Section 2 - Upon written request to the Board by any person seeking indemnification under Section 5238(b) or Section 5238(c) of the California Corporation Code, the Board shall promptly determine in accordance with Section 5238(e) of the Code whether the applicable standard of conduct set forth in Section 5238(b) or Section 5238(c) has been met and, if so, the Board shall authorize indemnification. If the Board cannot authorize indemnification because the number of Directors who are parties to the proceeding with respect to which indemnification is sought is such as to prevent the formation of a quorum of Directors who are not parties to such proceeding, the Board or the attorney or other person rendering services in connection with the defense shall apply to the court in which such proceeding is or was pending to determine whether the applicable standard of conduct set forth in Section 5238(b) or Section 5238(c) has been met.

Section 3 - To the fullest extent permitted by law, at the discretion of the corporation, and except as is otherwise determined by the Board in a specific instance, expenses incurred by a person seeking indemnification under these Bylaws in defending any proceeding covered by these Bylaws shall be advanced by the corporation prior to the final disposition of the proceeding upon receipt by the corporation of an undertaking by or on behalf of such person that the advance will be repaid unless it is ultimately determined that such person is entitled to be indemnified by the corporation therefor.

Section 4 - The corporation shall have the right to purchase and maintain insurance to the full extent permitted by law on behalf of its officers, Directors, employees and other agents of the corporation, against any liability asserted against or incurred by an officer, Director, employee or agent in such capacity or arising out of the officer's, Director's, employee's or agent's status as such.

Article 13 – Books and Records

Section 1 - The Organization shall keep

(a) Adequate and correct books and records of account;

(b) Minutes in written form of the proceedings of the Board and committees of the Board, and

(c) If applicable, a record of its Associate Members, giving their names and addresses and the class of membership held.

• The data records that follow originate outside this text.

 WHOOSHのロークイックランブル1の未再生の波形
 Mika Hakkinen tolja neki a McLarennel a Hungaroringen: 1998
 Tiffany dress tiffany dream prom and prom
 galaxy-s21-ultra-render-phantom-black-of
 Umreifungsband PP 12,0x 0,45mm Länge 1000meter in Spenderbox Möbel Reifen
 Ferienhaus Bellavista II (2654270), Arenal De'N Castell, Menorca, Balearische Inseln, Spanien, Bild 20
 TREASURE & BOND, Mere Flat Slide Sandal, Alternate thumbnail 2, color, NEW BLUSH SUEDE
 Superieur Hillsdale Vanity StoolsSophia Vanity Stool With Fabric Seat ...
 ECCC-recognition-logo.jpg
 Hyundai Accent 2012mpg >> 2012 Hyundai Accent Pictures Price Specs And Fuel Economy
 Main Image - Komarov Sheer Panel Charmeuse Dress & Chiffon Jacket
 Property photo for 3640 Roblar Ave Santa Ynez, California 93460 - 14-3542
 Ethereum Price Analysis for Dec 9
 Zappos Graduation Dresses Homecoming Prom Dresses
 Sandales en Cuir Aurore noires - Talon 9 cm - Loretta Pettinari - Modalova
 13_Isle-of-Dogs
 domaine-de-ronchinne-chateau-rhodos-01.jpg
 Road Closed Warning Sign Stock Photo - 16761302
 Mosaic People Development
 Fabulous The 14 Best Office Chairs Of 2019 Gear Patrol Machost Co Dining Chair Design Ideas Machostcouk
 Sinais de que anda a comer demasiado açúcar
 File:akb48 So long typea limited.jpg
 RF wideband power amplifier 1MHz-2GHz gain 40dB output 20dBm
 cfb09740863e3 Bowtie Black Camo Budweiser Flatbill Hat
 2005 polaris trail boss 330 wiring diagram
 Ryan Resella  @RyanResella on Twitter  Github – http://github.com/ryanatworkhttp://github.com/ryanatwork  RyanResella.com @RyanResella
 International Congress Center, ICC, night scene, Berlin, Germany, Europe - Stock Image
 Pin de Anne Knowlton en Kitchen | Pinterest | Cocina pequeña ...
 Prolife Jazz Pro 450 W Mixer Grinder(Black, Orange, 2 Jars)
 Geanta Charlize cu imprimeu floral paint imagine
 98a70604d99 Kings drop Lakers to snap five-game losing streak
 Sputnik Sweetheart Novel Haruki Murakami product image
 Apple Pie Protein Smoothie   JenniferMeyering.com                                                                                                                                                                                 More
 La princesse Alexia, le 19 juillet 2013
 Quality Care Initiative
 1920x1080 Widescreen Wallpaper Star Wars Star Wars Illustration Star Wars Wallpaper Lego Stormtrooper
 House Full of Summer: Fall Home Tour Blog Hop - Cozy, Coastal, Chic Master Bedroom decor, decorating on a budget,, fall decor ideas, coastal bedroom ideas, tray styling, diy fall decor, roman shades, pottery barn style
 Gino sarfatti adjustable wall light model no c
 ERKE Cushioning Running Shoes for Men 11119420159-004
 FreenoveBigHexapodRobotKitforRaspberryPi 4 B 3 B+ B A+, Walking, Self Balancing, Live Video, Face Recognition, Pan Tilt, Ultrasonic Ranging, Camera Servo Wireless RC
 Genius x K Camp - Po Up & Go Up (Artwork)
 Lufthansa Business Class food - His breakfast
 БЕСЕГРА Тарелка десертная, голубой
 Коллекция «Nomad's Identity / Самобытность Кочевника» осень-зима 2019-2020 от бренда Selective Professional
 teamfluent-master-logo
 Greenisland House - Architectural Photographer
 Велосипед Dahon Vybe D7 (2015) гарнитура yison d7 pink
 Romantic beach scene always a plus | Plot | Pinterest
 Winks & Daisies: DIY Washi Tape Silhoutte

Section 2 - Every Director shall have the absolute right at any reasonable time to inspect all books, records and documents of every kind and the physical properties of the corporation. This inspection by a Director may be made in person or by an agent or attorney, and the right of inspection includes the right to copy and make extracts of documents.

Section 3 - Except as provided under Section 6321(c),(d) or (f) of the California Corporations Code, not later than one hundred twenty (120) days after the close of the fiscal year of the corporation, the Board shall cause an annual report to be sent to all members of the Board. Such report shall contain the following information in reasonable detail:

(i) The assets and liabilities of the corporation as of the end of the fiscal year.

(ii) The principal changes in assets and liabilities during the fiscal year.

(iii) The revenue or receipts of the corporation, both unrestricted and restricted to particular purposes, for the fiscal year.

(iv) The expenses or disbursements of the corporation, for both general and restricted purposes, during the fiscal year.

(v) Any information required by Section 9.04.

(vi) An independent accountant's report or, if none, the certificate of an authorized officer of the corporation that such statements were prepared without audit from the corporation's books and records. This requirement of an annual report shall not apply if the corporation receives less than $25,000 in gross receipts during the fiscal year, provided, however, that the information specified above for inclusion in an annual report must be furnished annually to all Directors and to any member who requests it in writing. If the Board approves, the corporation may send the report and any accompanying material sent pursuant to this section by electronic transmission.